An elliptic orbit is the movement of one body around another in an oval-shaped path. It can be defined as a Kepler orbit that has an eccentricity ranging anywhere between 0 and 1. In the study of celestial mechanics, a Kepler orbit deals with the laws and principles of orbiting bodies moving in the form of an ellipse, hyperbola, or parabola. In astrodynamics, the eccentricity, sometimes called first eccentricity, of an orbit is a parameter that describes its actual shape and stretch.
Under the standard assumptions and principles of astrodynamics, an orbit must have a conic section shape. The conic eccentricity is then a numerical value. This number stands for a specific projection angle, defining the flatness or roundness of an elliptic orbit.
Eccentricity for an elliptic orbit can also be defined as a measure of deviation of an orbit from the shape of a standard circle. Orbital eccentricity for a perfect circular orbit is 0. This value serves as a benchmark to evaluate the divergence of any given elliptic orbit from the standard circle.
Earth's solar system is made up of numerous natural satellites like planets, moons, comets, and similar revolving bodies.

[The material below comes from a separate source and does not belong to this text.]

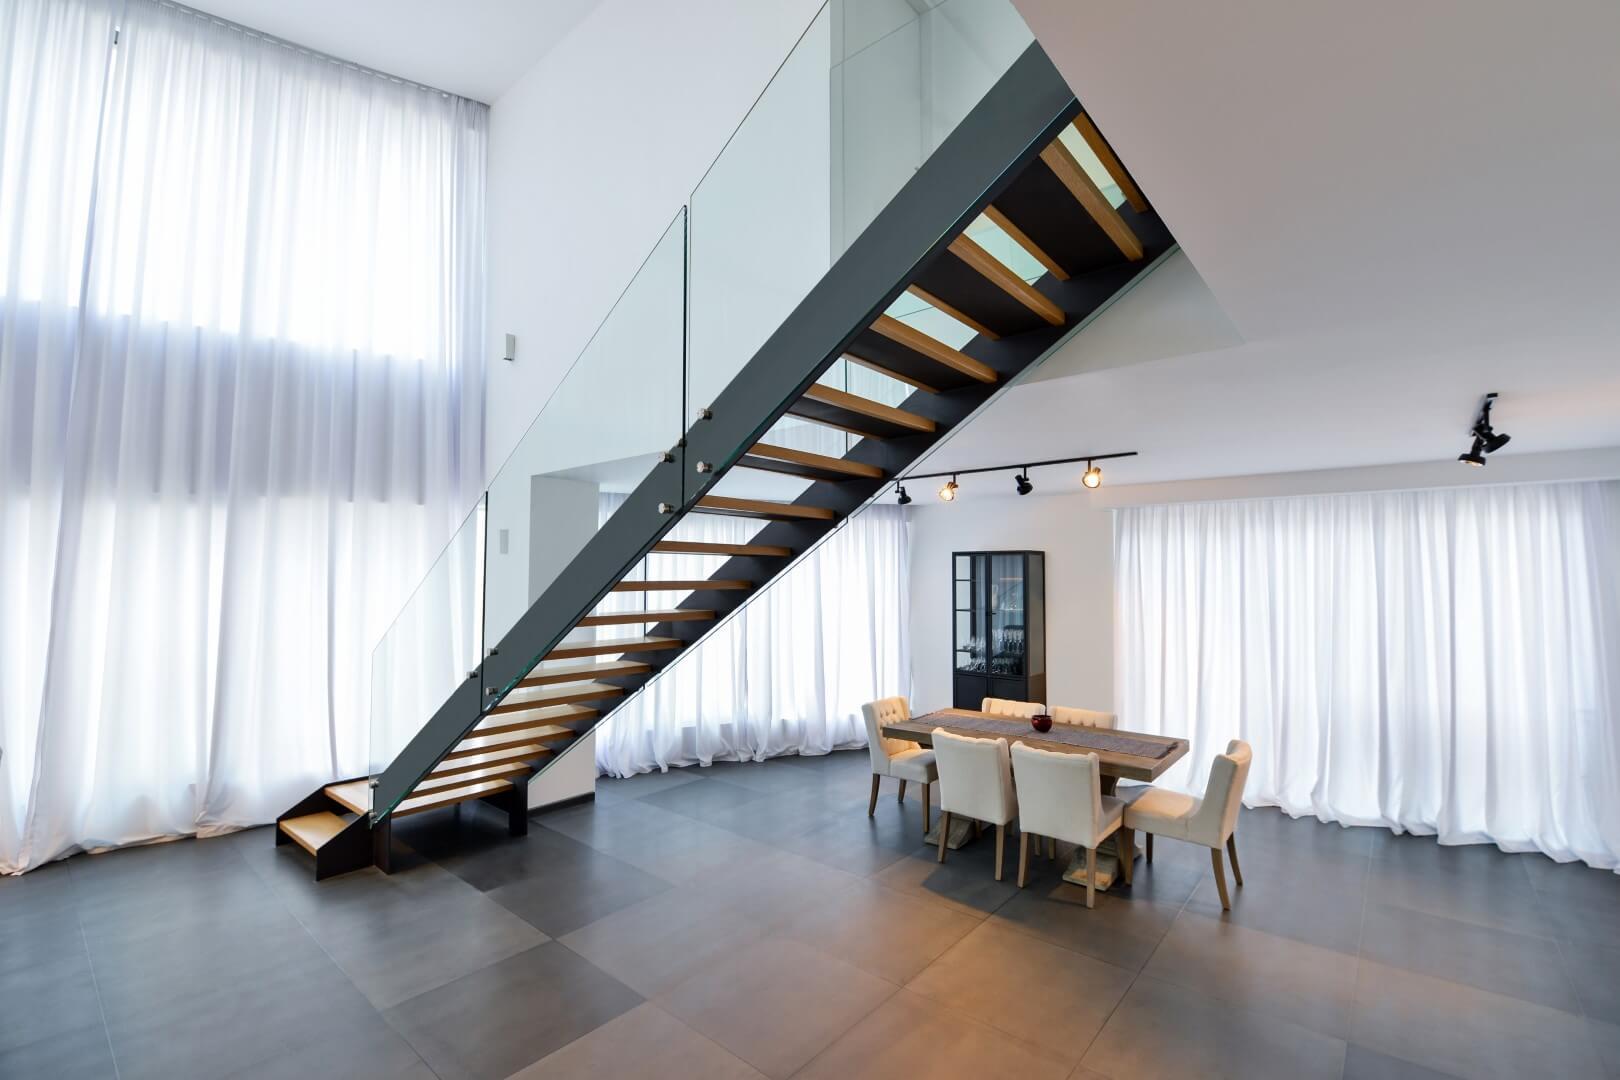 מבט אחורי על גרם מדרגות הברזל השחור שעולה מפינת האוכל אל המפלס העליון
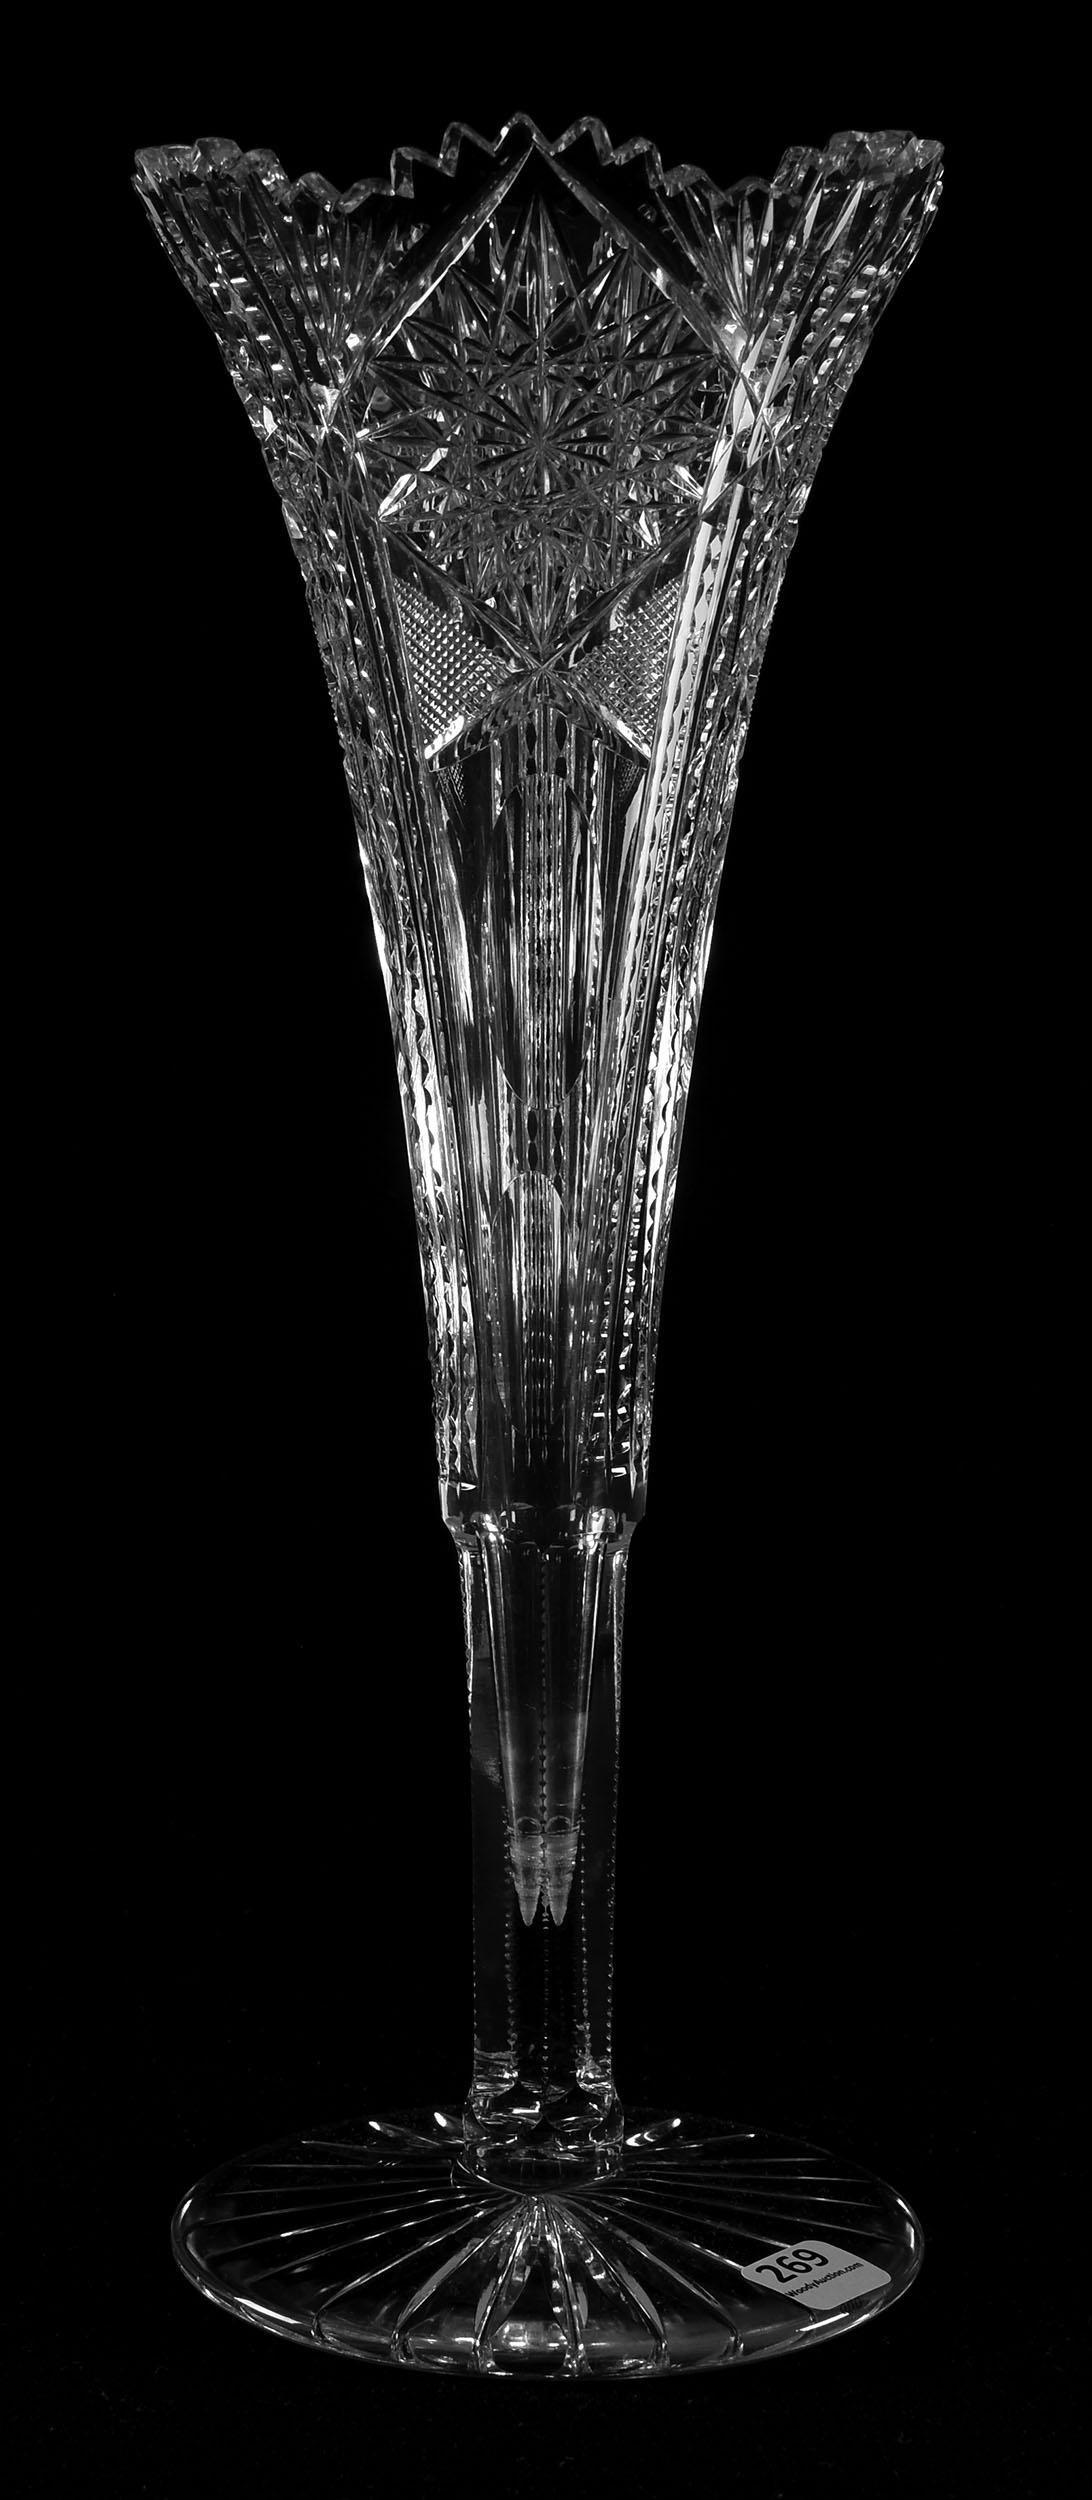 Vase, Design HF-193 by Val St. Lambert

These bodies orbit around their respective primaries — such as the Earth orbiting the Sun — along a fixed elliptic orbit. A general overview of their motion seems to give an impression of circular orbits. In reality, however, all heavenly bodies strictly follow elliptical orbits, with varying degrees of eccentric measures. The higher the value of eccentricity, the flatter and more elongated the shape of the elliptic orbit will be.
The eccentricity of the Earth’s elliptical orbit is at present measured to be 0.0167. This low value makes the elliptic orbit of earth almost a perfect circle. On the other hand, eccentric values for comets are close to 1, making their orbits nearly flat and elongated. In case of a gravitational two-body problem, an eccentricity measure between 0 and 1 allows both bodies to revolve in identical orbits. Popular examples of elliptic orbits are the Hohmann transfer orbit, the Molniya orbit, and the tundra orbit.
The concept of elliptic orbits was first discovered and promoted by Johannes Kepler, a German scientist in the early 17th century. The findings were published in his First Law of Planetary Motion, and brought forward important laws related to orbits of celestial bodies. These findings have aided scientists in understanding and studying the properties of an elliptic orbit.
The specific orbital energy, also known as vis-viva energy, is defined as the sum of potential energy and kinetic energy of an orbiting object. For an elliptic orbit, the specific energy is negative and is calculated irrespective of its eccentricity. The elliptical nature of planetary orbits is an important feature which determines seasonal changes, temperature zones, and the climatic zones of the respective planets.